S3: obtaining optimal solutions of all flange structural rigidity by adopting a genetic algorithm, so that the mean square error of the actual modal frequency and the simulated modal frequency of the pipeline system is within a preset range, wherein the step S3 specifically comprises the following steps:

s31: bringing into an array of structural stiffness of all flanges according to genetic algorithm [ K ] _i1 ,K _i2 …K _ii …K _in ]Obtaining the front third-order simulation modal frequency [ f ] of the pipeline system by analyzing the finite element model to the pipeline modal _i1 ,f _i2 ,f _i3 ]JudgingIf not, executing step S32, if not, executing step S33;

s32: determination of [ f _i1 ,f _i2 ,f _i3 ]The corresponding array is the structural rigidity [ K ] of all flanges of the pipeline system _i1 ,K _i2 …K _ii …K _in ]；

S33: returning to step S31;

s4: establishing an error back propagation BP neural network model of a mapping relation between the flange structural rigidity and the flange sealing surface pressure, and bringing the optimal solutions of all the flange structural rigidity into the BP neural network model to obtain the target flange sealing surface pressure;

s5: judging whether the detected flange sealing pressure is smaller than the preset safety sealing pressure, if so, the flange has leakage risk, and if not, the flange does not have leakage risk.

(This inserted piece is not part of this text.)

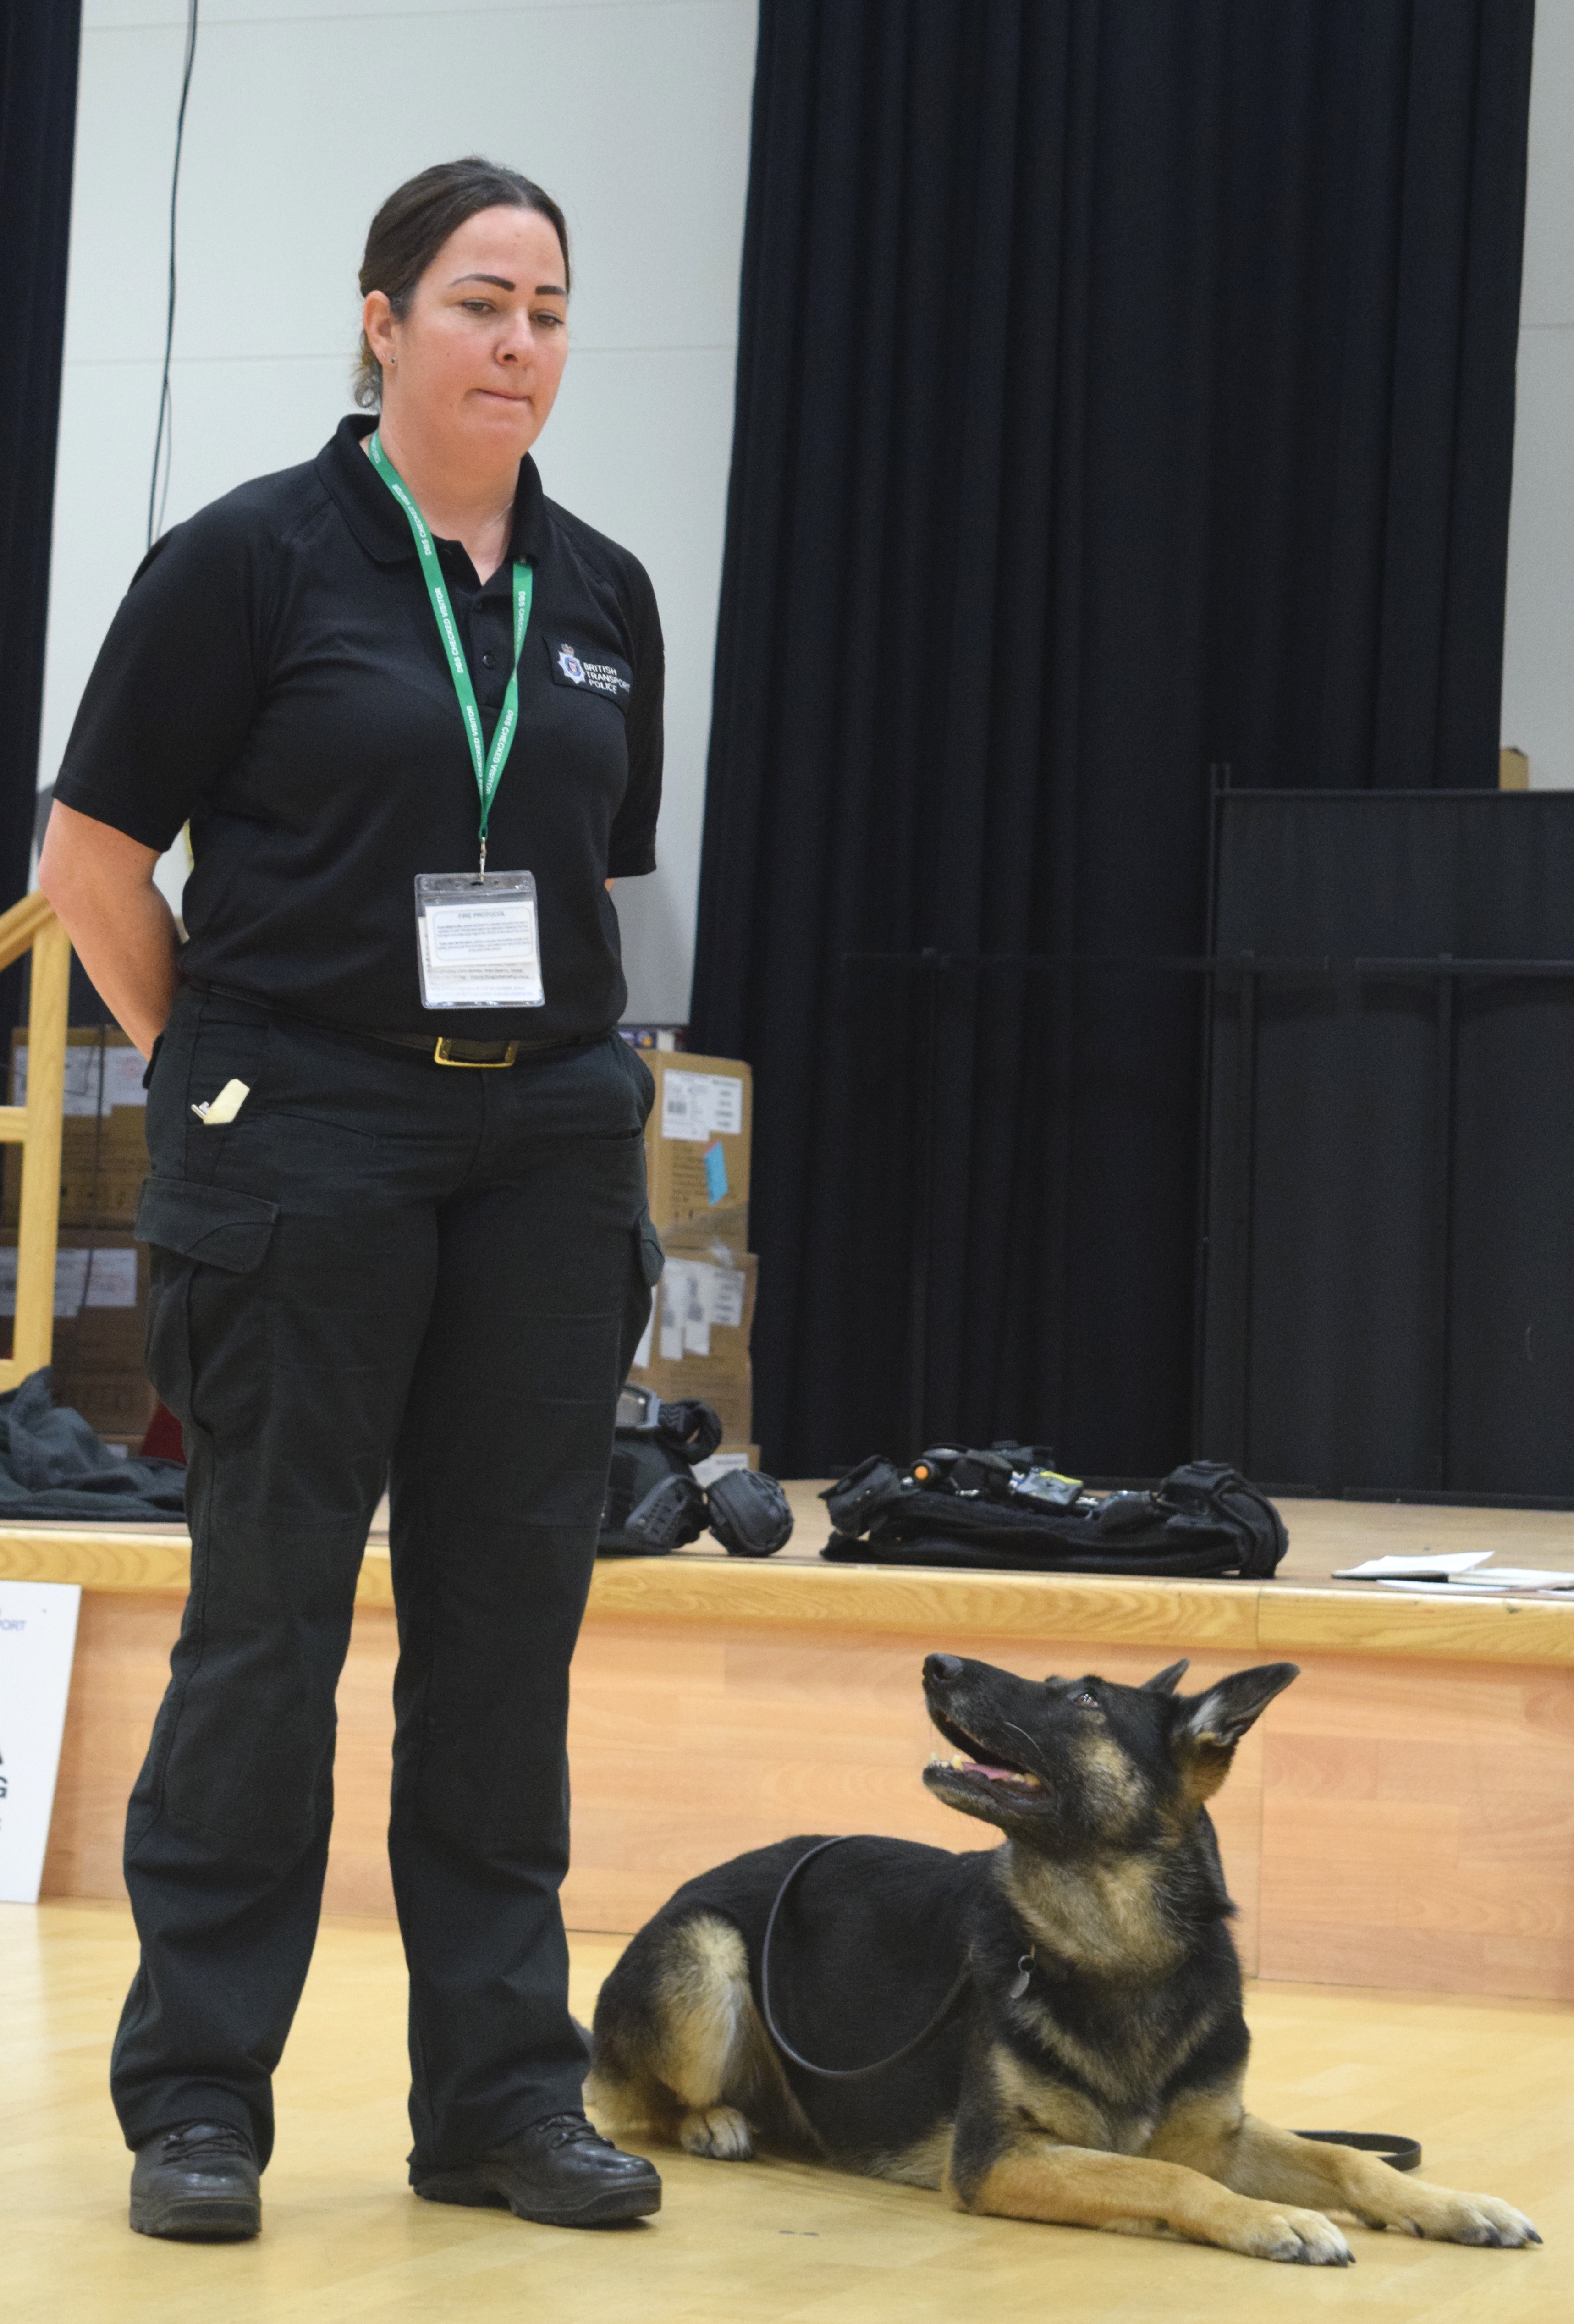 Police Dog Handler Presentation

2. A method of predicting flange leakage in a ductwork system as set forth in claim 1, wherein the predetermined value in step S31 is 0.1.

3. The method for predicting flange leakage of a pipeline system according to claim 1, wherein the BP neural network model for establishing a mapping relationship between the flange structural rigidity and the flange sealing surface pressure is specifically provided with:

respectively measuring the rigidity K of the flange structure of the flange connection structure under different sealing surface pressures F through experiments, and taking the rigidity K as a sample of the neural network;

and taking K as input and F as output, establishing a BP neural network model, and carrying out sample training on the BP neural network model to obtain a trained BP neural network model.

4. A method of predicting flange leakage in a conduit system as set forth in claim 3, wherein the sample has a value F that is m times F _e ，F _e And the minimum allowable pressure is applied to the flange sealing surface.

5. The method of claim 4, wherein m= {0.1,0.2,0.3,0.4,0.5,0.6,0.7,0.8,0.9,1,1.1,1.2,1.3,1.4,1.5,1.6,1.7,1.8,1.9,2.0}, the samples are 20 groups.

6. The method for predicting flange leakage of a piping system according to claim 1, wherein the measured modal frequencies of the piping system are measured using a modal test method.